Delivery; Delivery of Goods shall be the customers home, but our staff will not be held accountable for damages wither to the goods being delivered nor to the customers property.
(a) Notwithstanding delivery and the passing of risk, the property in the goods shall remain in the seller until the buyer has paid all the monies owed by it to the seller under this or any contract or otherwise.
(b) If any of the goods are processed into, incorporated or used as materials for, or mixed with other goods or materials prior to such payment the property (but not the risk) in the whole of such other goods or materials shall pass to the seller at the moment of such processing, incorporation, use of admixture and shall remain with the seller until payment of all such monies as are specified in sub-clause (a) hereof.

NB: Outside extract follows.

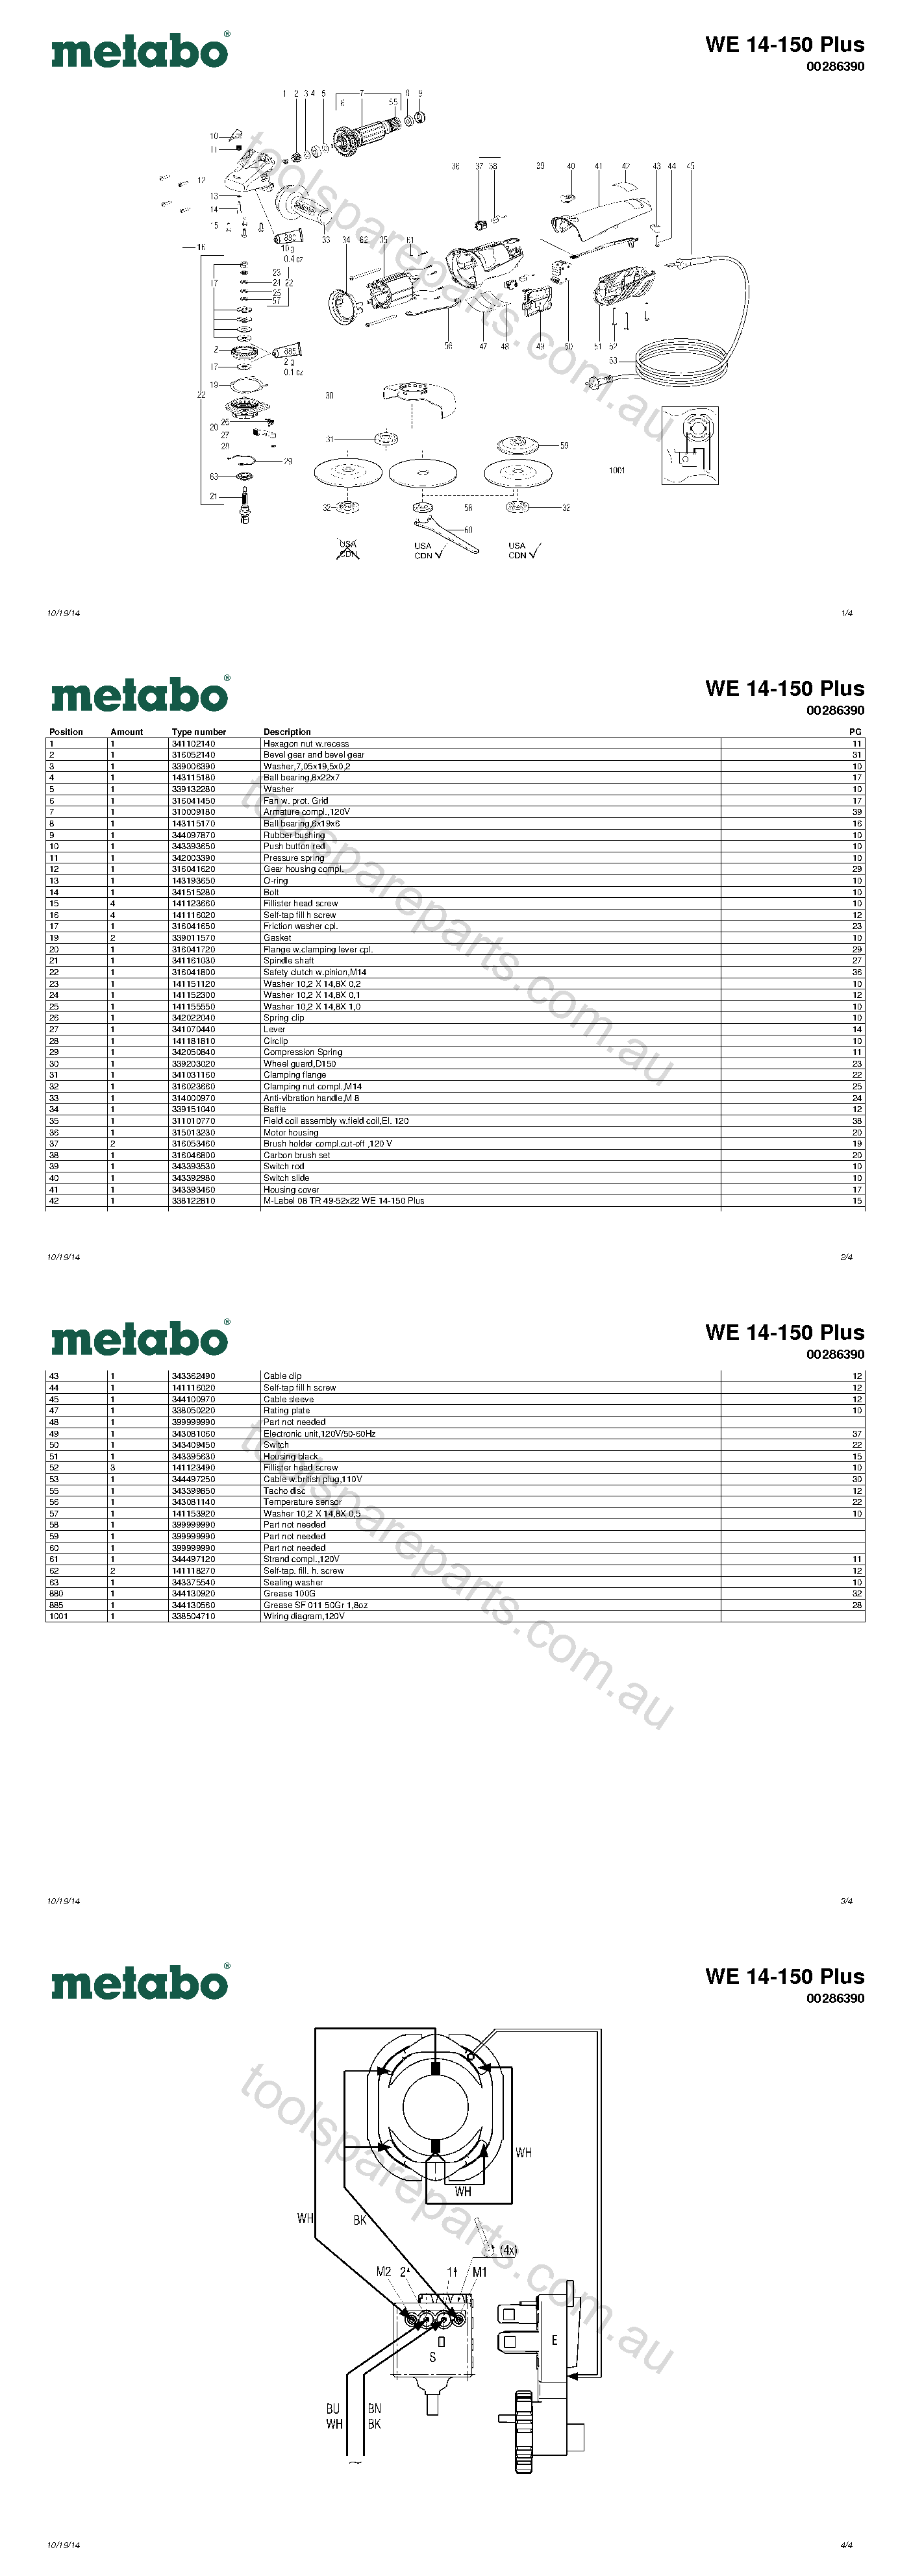 Metabo WE 14-150 Plus 00286390  Diagram 1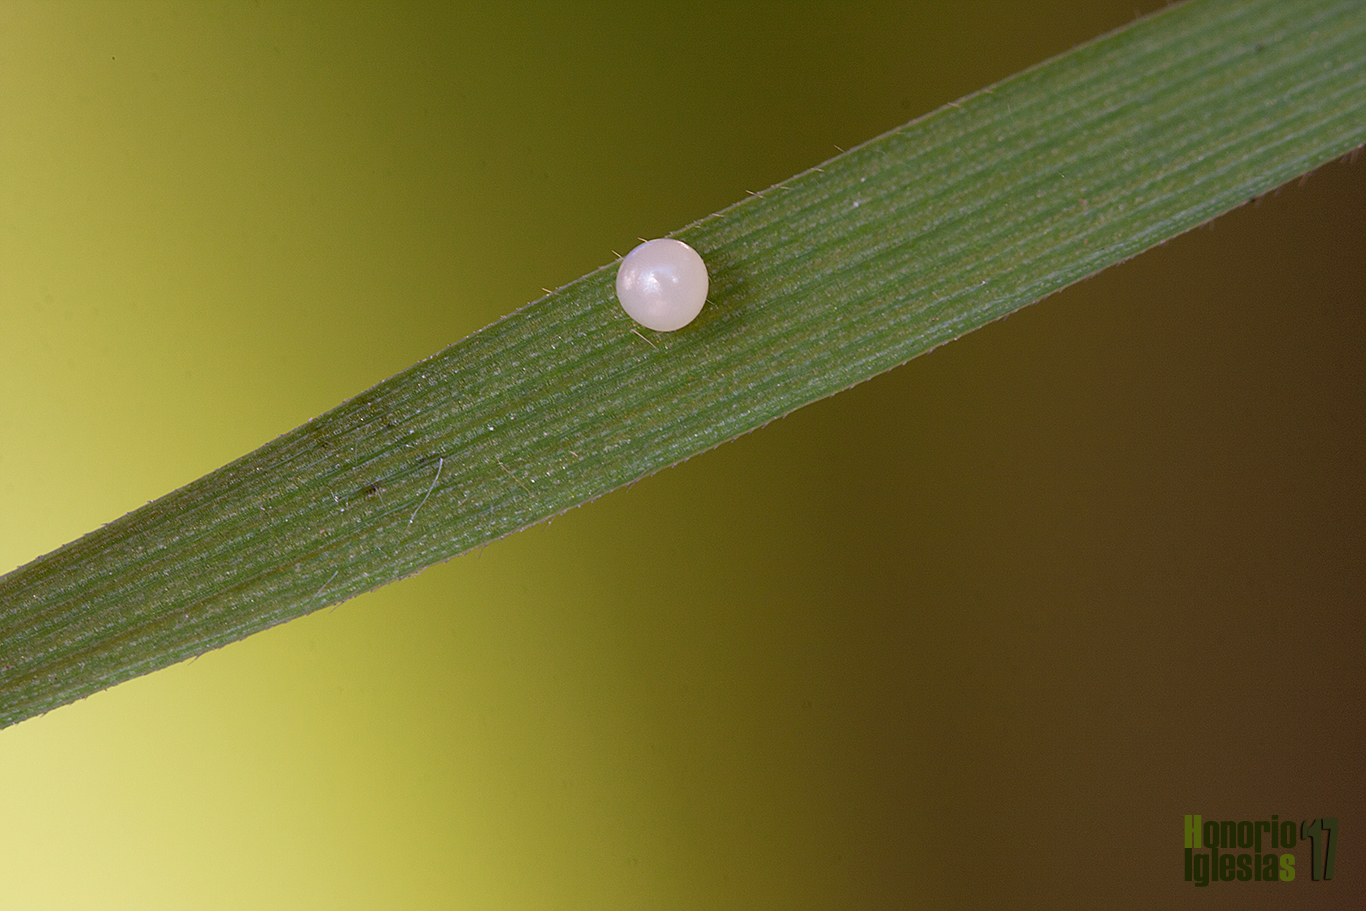 Huevo de mariposa ondulada o maculada (Pararge aegeria) sobre gramínea.

(c) Upon occurrence of any event of Default, the seller may (without prejudice to any other rights hereunder), at their opinion terminate the sale by the written notice to the buyer, forwarded by prepaid ordinary post to the address given, and thereupon, as and from the date of the said notice, the buyer shall no longer be in possession of the goods with the consent of the seller and the seller may (without prejudice to the sellers claim for payment, or damages for any breach at this contract, or any other rights hereunder), without notice, retake possession of the goods and for such purpose enter upon any property belonging to, or in occupation or control of the buyer. The seller shall be at liberty after retaking possession to resell any or all of such goods or materials, the buyer shall be responsible for all costs, ch. and expenses incurred by the seller in retaking possession and if appropriate in the resale of the goods as aforesaid.
An event of default shall occur:
(a) If the buyer shall fail to pay any of the monies due under this contract within 14 days of the appropriate due date (whether demanded or not).
(b) If there shall be any breach by the buyer of any of the other terms and conditions of the contract.
(c) If the buyer shall suffer execution or distress to be levied upon the goods and/or the goods and chattels of the buyer.
(d) If the buyer shall commit any Act of Bankruptcy or be declared Bankrupt or compound with the buyers creditors, or permit any Judgement to remain unsatisfied, or in the case of the buyer being a Company, if a petition to 4wind up the Company be presented, or if notice shall be given of intention to propose a resolution to wind up the Company, or if the Company shall enter into liquidation whether compulsory or voluntary, or if a Receiver shall be appointed of the undertaking of assets, or any part thereof or the Company. If the buyer shall suffer a decree of ejectment to be recovered against the buyer in respect of the premises or property wherein the goods are situated. If the buyer, being a person, shall die.
5. Acceptance By Buyer
The buyers acceptance of delivery of the said goods shall be conclusive evidence that the buyer has examined the said goods and found them to be complete and in good order and condition, fit for the purpose for which they may required, and in every way satisfactory. The buyer hereby expressly releases the seller from any legal obligation or liability arising by reason of any defective goods, whether or part, or from their unsuitability for any particular purpose, and agrees to keep the seller fully indemnified against claim for damages by any third party by reason of any such defect, whether latent or patent. Further, the buyer hereby expressly agrees that the delivery of the goods has been made by the seller without any condition or warranty as to the fitness for a particular purpose, and all conditions and warranties, whether statutory or otherwise, in relation to the goods are expressly excluded, and the seller shall be under no legal obligation whatsoever in relation thereto.
Any indulgence, extension extension of the time of payment, relaxation or delay entering the terms of this contract on the part of the seller, shall not prejudice the sellers rights hereunder or constitute or waiver of any of the terms and condition hereof.
7. Joint and Several Liability
Where there are one or more buyers, each shall be severally as well as jointly liable to the seller for the due performance and observance of all the Terms and Conditions of this Contract, and any notice given to any of the joint buyers shall be good notice to all such buyers.